## YOUR ASSIGNMENT
Return each line of the data below verbatim; pictures are to be left out.

## DATASET EXCERPT
[Start of Attachment]

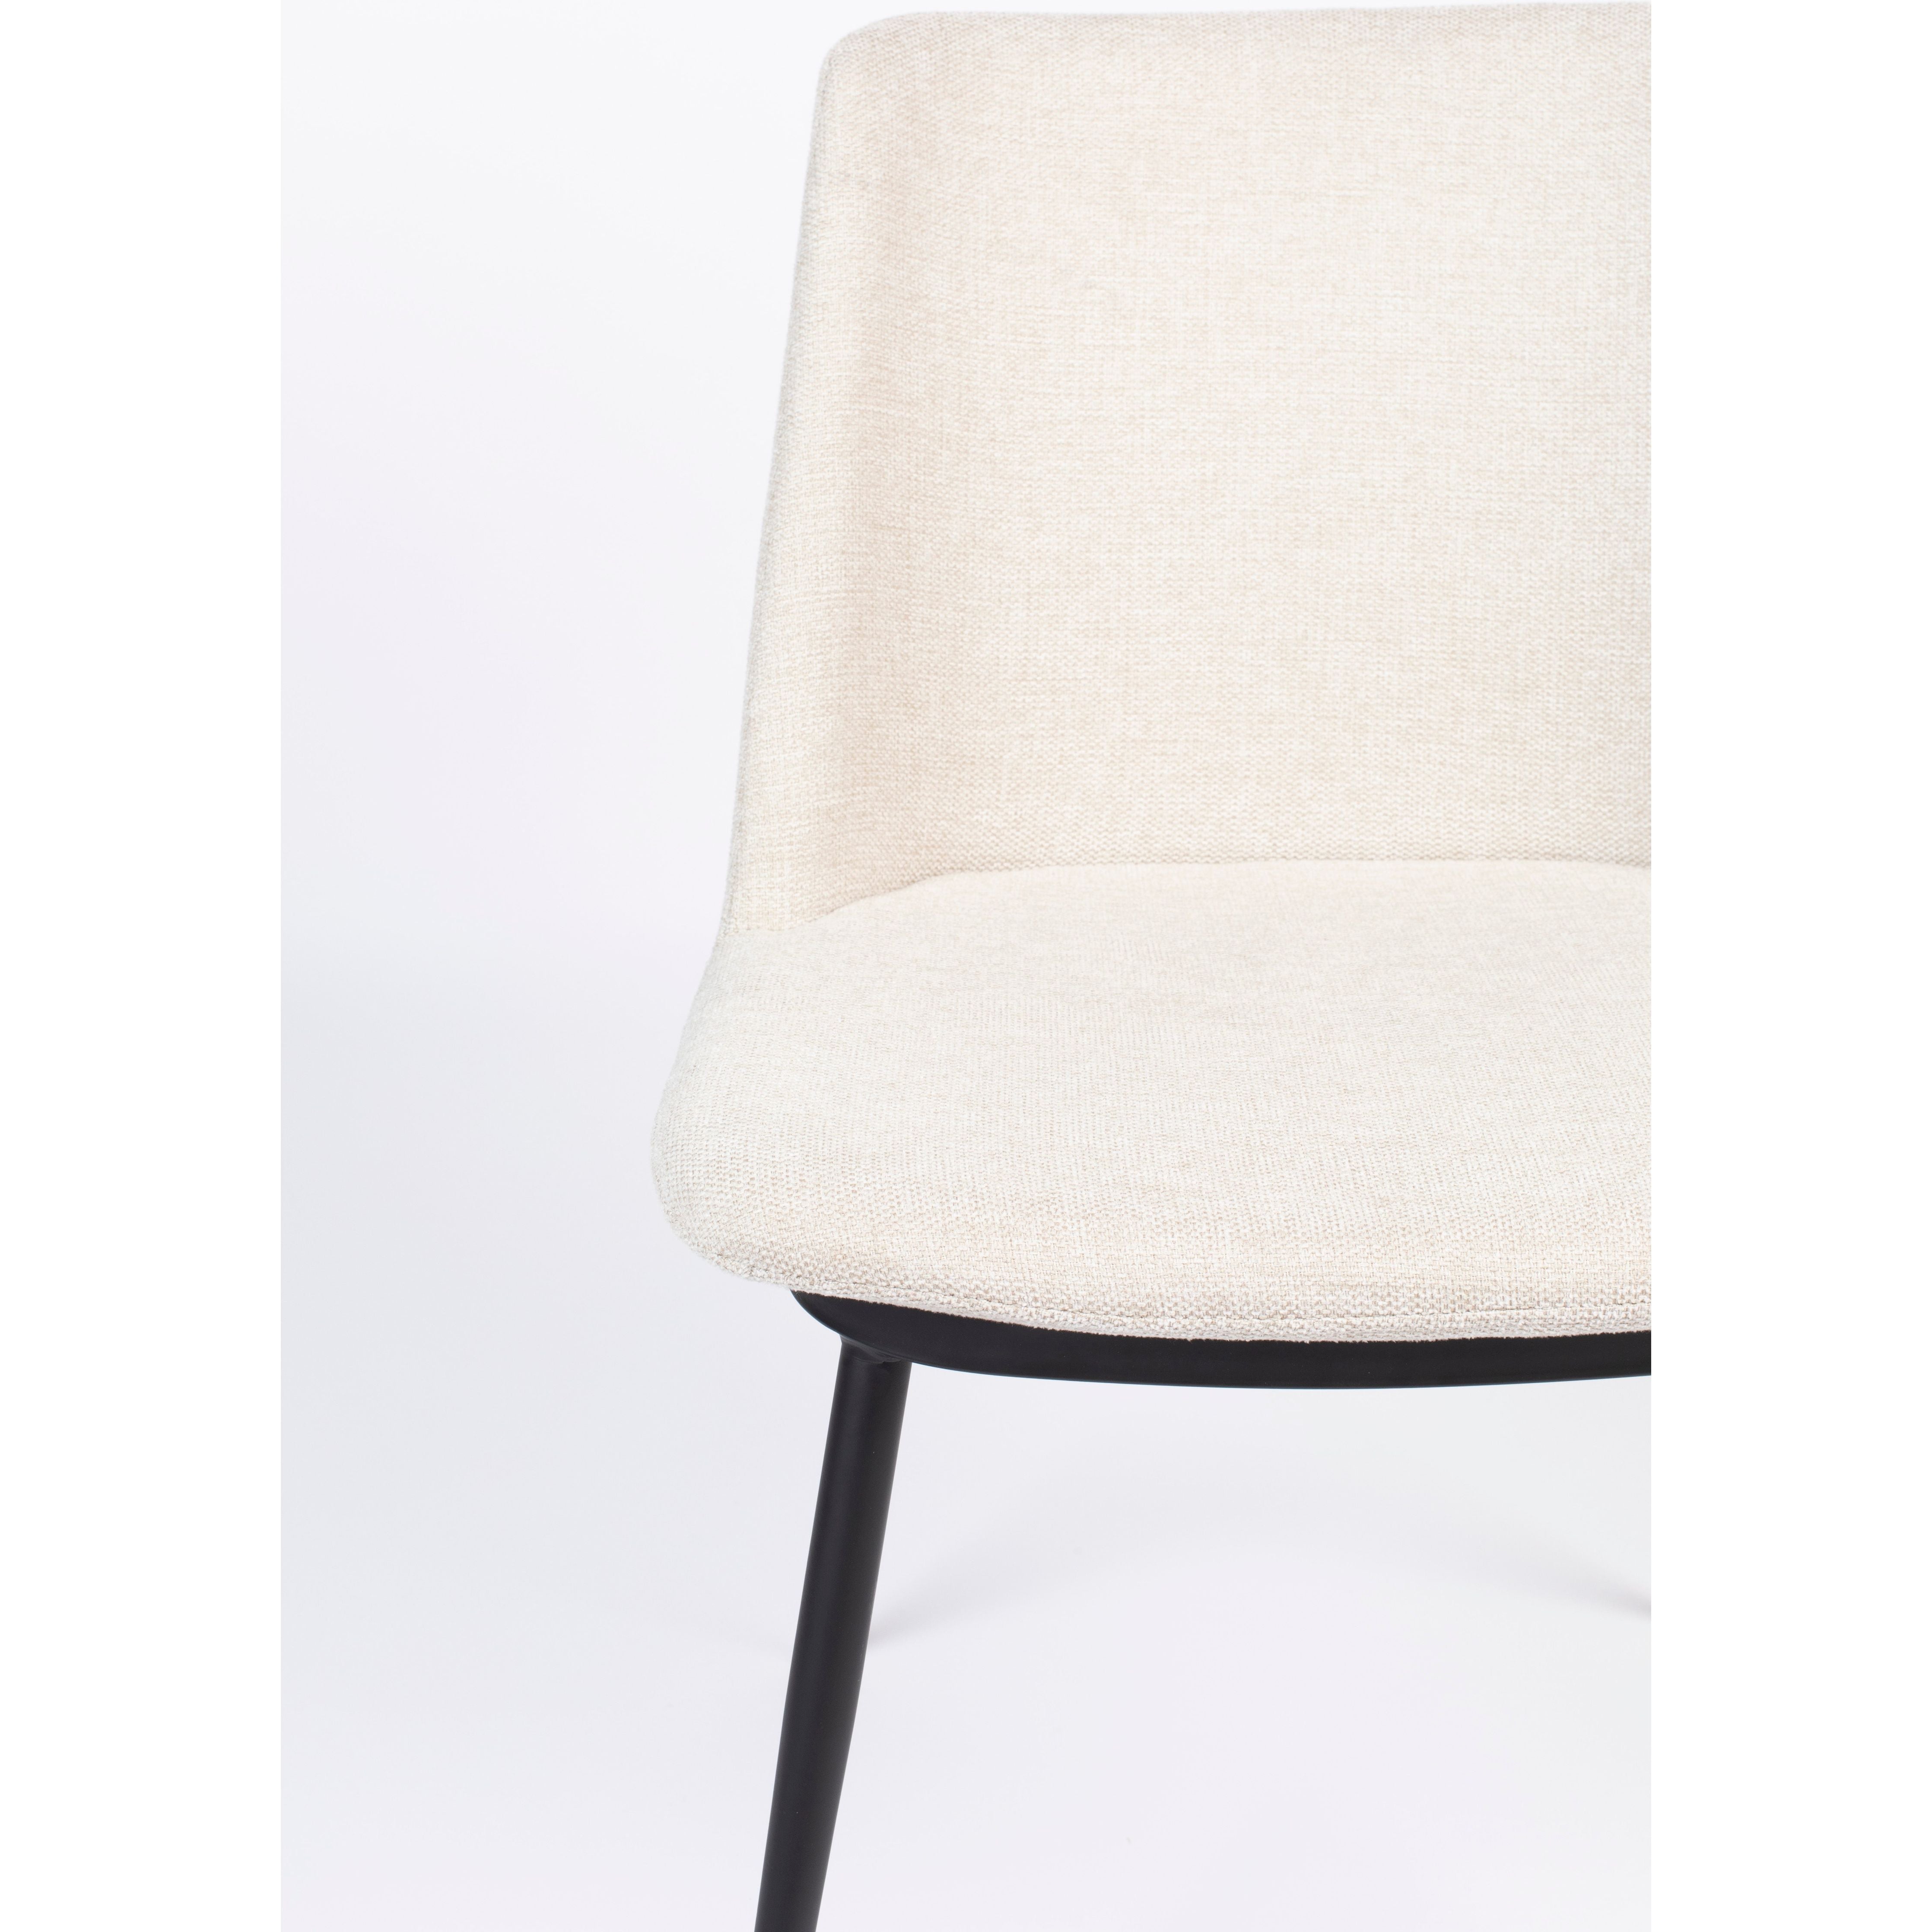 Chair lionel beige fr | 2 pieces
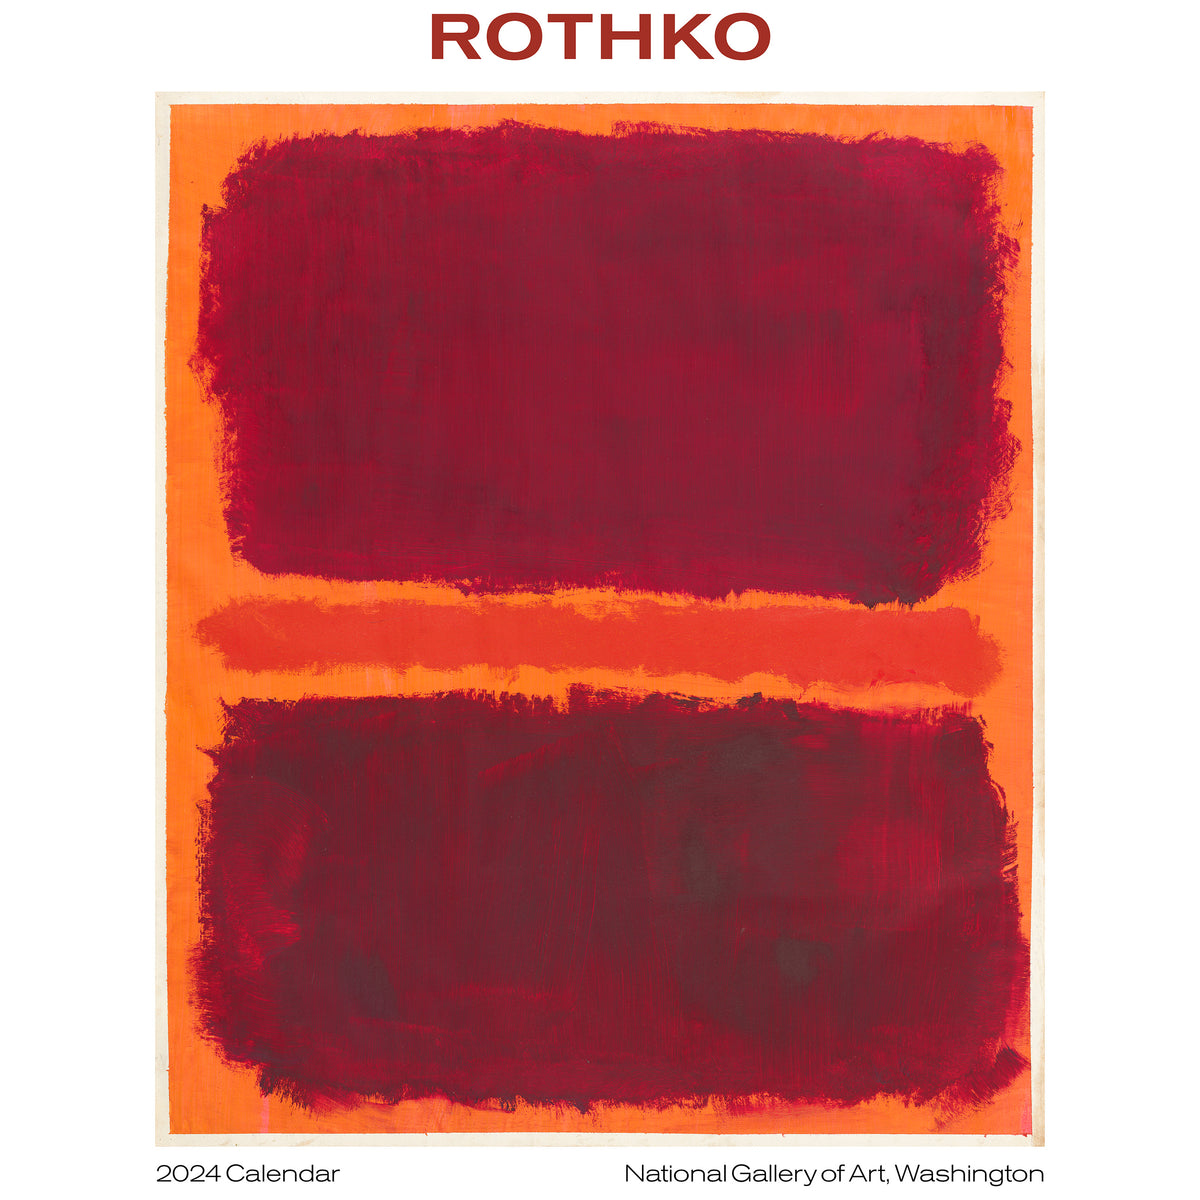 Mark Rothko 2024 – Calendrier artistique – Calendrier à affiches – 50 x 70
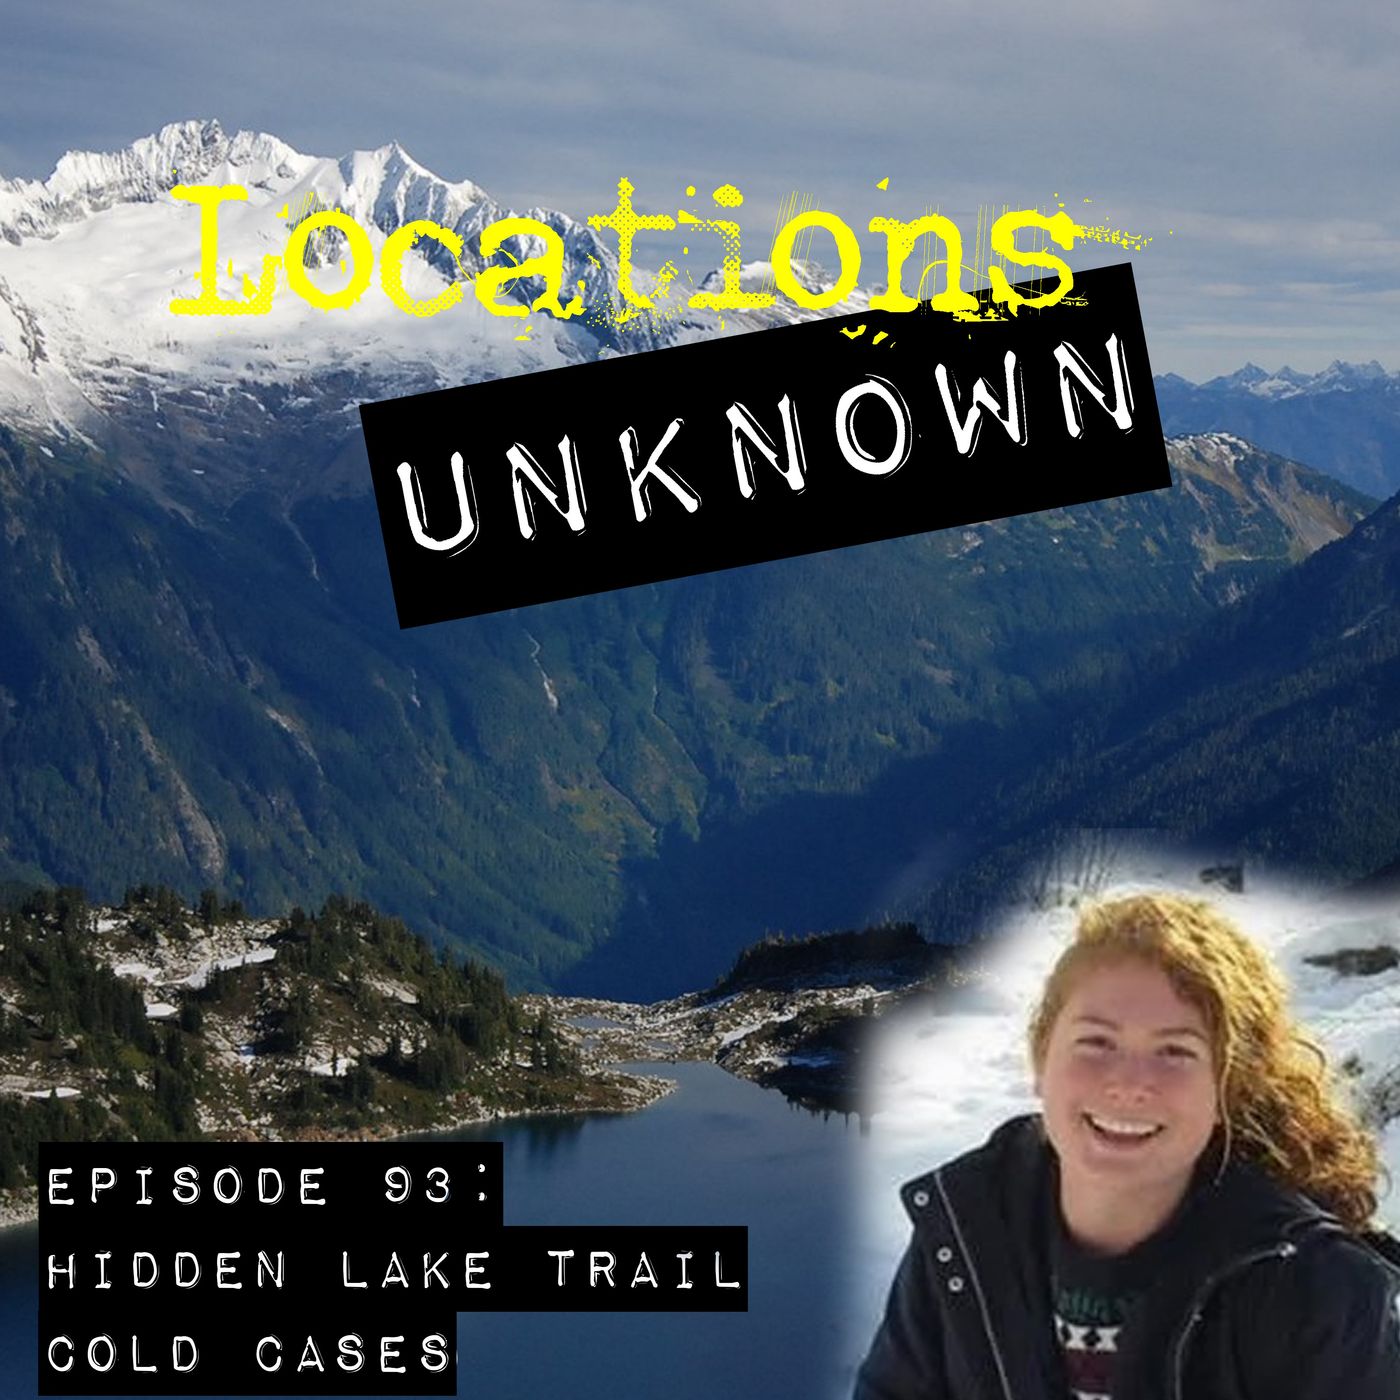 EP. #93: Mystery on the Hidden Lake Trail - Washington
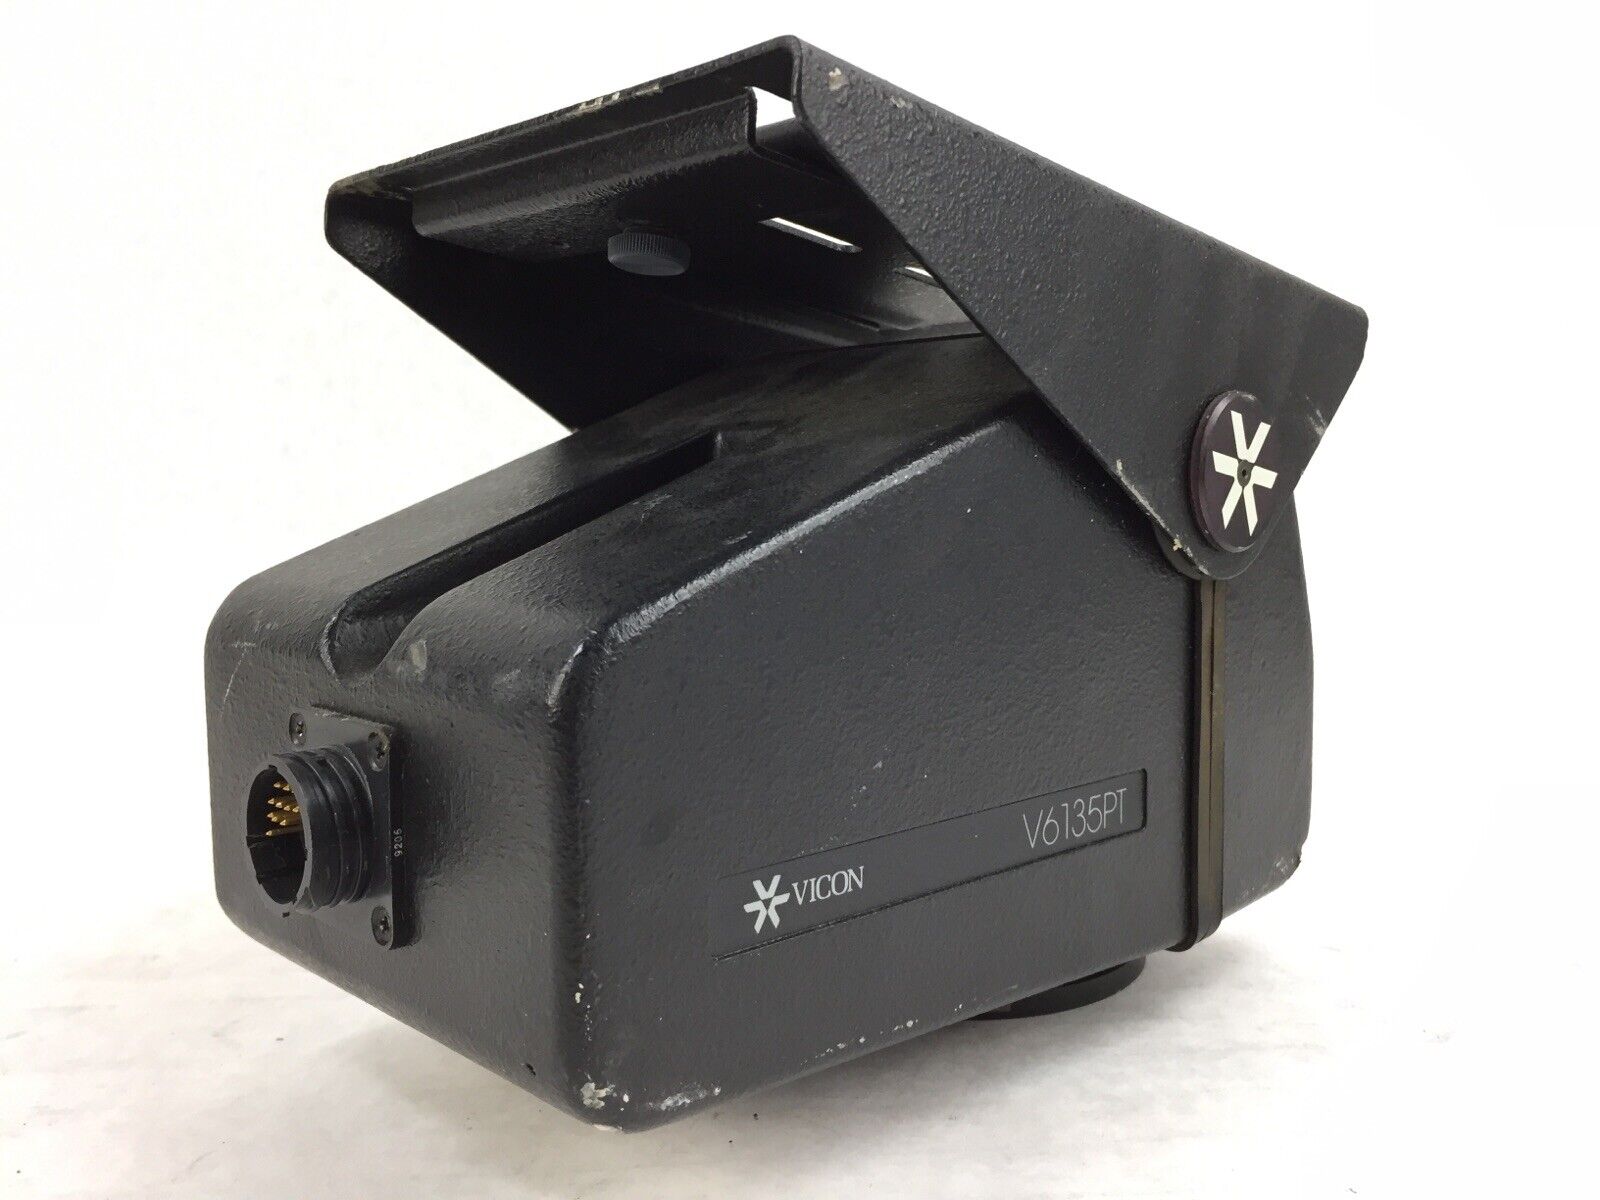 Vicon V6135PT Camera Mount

[End of Attachment]

## EXPECTED ANSWER
 Chair lionel beige fr | 2 pieces
 Mark Rothko 2024 – Calendrier artistique – Calendrier à affiches – 50 x 70
 EP. #93: Mystery on the Hidden Lake Trail - Washington
 Vicon V6135PT Camera Mount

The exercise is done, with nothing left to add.